Separations in the Representational Capabilities of Transformers and Recurrent Architectures

Authors: Satwik Bhattamishra, Michael Hahn, Phil Blunsom, Varun Kanade

NeurIPS 2024 | Conference PDF | Archive PDF | Plain Text | LLM Run Details

Reproducibility Variable Result LLM Response
Research Type Experimental We also empirically investigated the performance of Transformers and standard recurrent models [26], including recently proposed state-space models [22, 21] on these tasks. The observed behavior is along the lines indicated by our theoretical results.
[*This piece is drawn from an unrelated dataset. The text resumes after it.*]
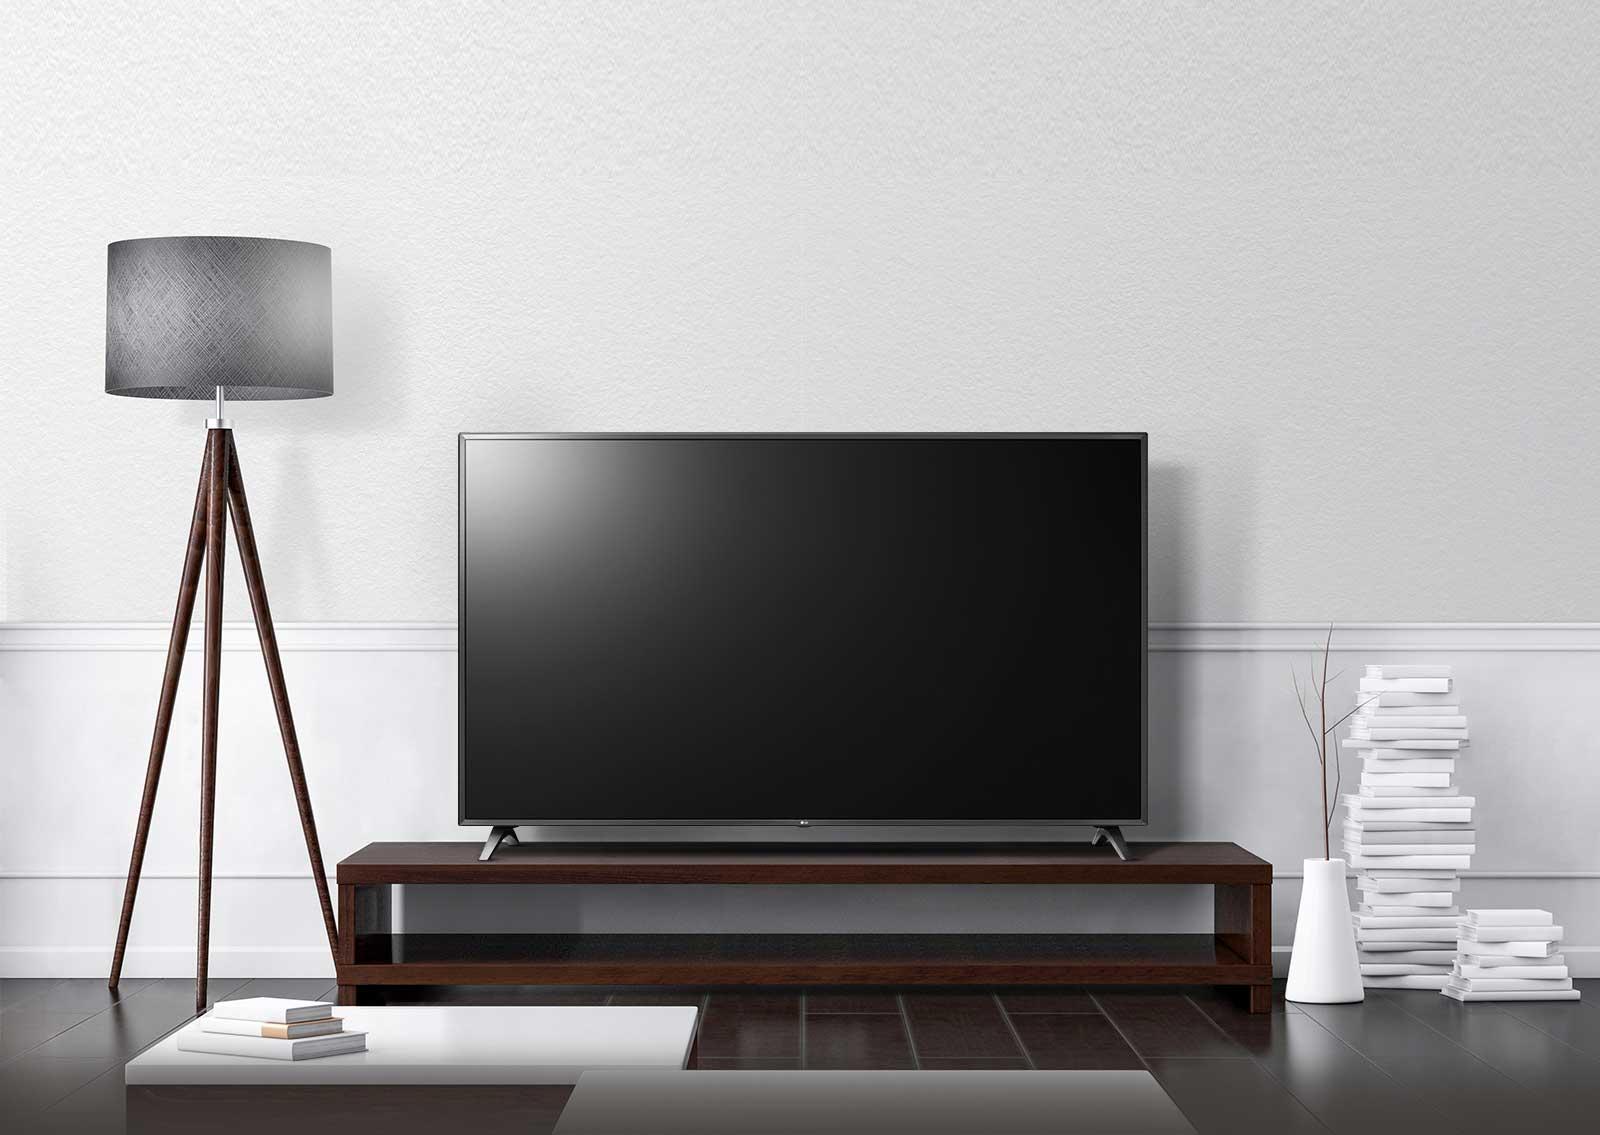 TV-UHD-UM69-07-Design-Desktop-V001

In this section, we investigate the performance of Transformers and recurrent models on tasks such as Index Lookup and recognizing bounded Dyck languages on sequences of small lengths (< 1000).
Researcher Affiliation Collaboration Satwik Bhattamishra1 Michael Hahn2 Phil Blunsom1,3 Varun Kanade1 1University of Oxford 2Saarland University 3Cohere
Pseudocode No The paper describes methods and constructions in text but does not include any clearly labeled pseudocode or algorithm blocks.
Open Source Code Yes Yes we have included the code in the supplementary material.
Open Datasets No The paper describes custom data generation methods (e.g., 'To create each example, we first sample a length k uniformly...'), implying the datasets are generated, not sourced from existing public repositories with specific access links or citations.
Dataset Splits No The paper mentions 'Validation Accuracy (%)' in figures and 'The models are evaluated on 5000 examples for each task' for evaluation, but does not explicitly specify the size or percentage of a dedicated validation split separate from the final evaluation set.
Hardware Specification Yes All our experiments were conducted using 8 NVIDIA Tesla V100 GPUs each with 16GB memory and 16 NVIDIA GTX 1080 Ti GPUs each with 12GB memory.
Software Dependencies No The paper mentions software like 'Py Torch' and 'Huggingface Transformers library' but does not specify their version numbers.
Experiment Setup Yes We train the models with cross-entropy loss using the Adam optimizer [32]. The models are trained for up to 250k steps where at each step we sample a fresh batch of 64 training examples resulting in 16 million examples over 250k steps. The models are evaluated on 5000 examples for each task. For each model, we tune the various hyperparameters, notably across learning rates {1e-2, 5e-3, . . . , 1e-6} to find the best-performing model.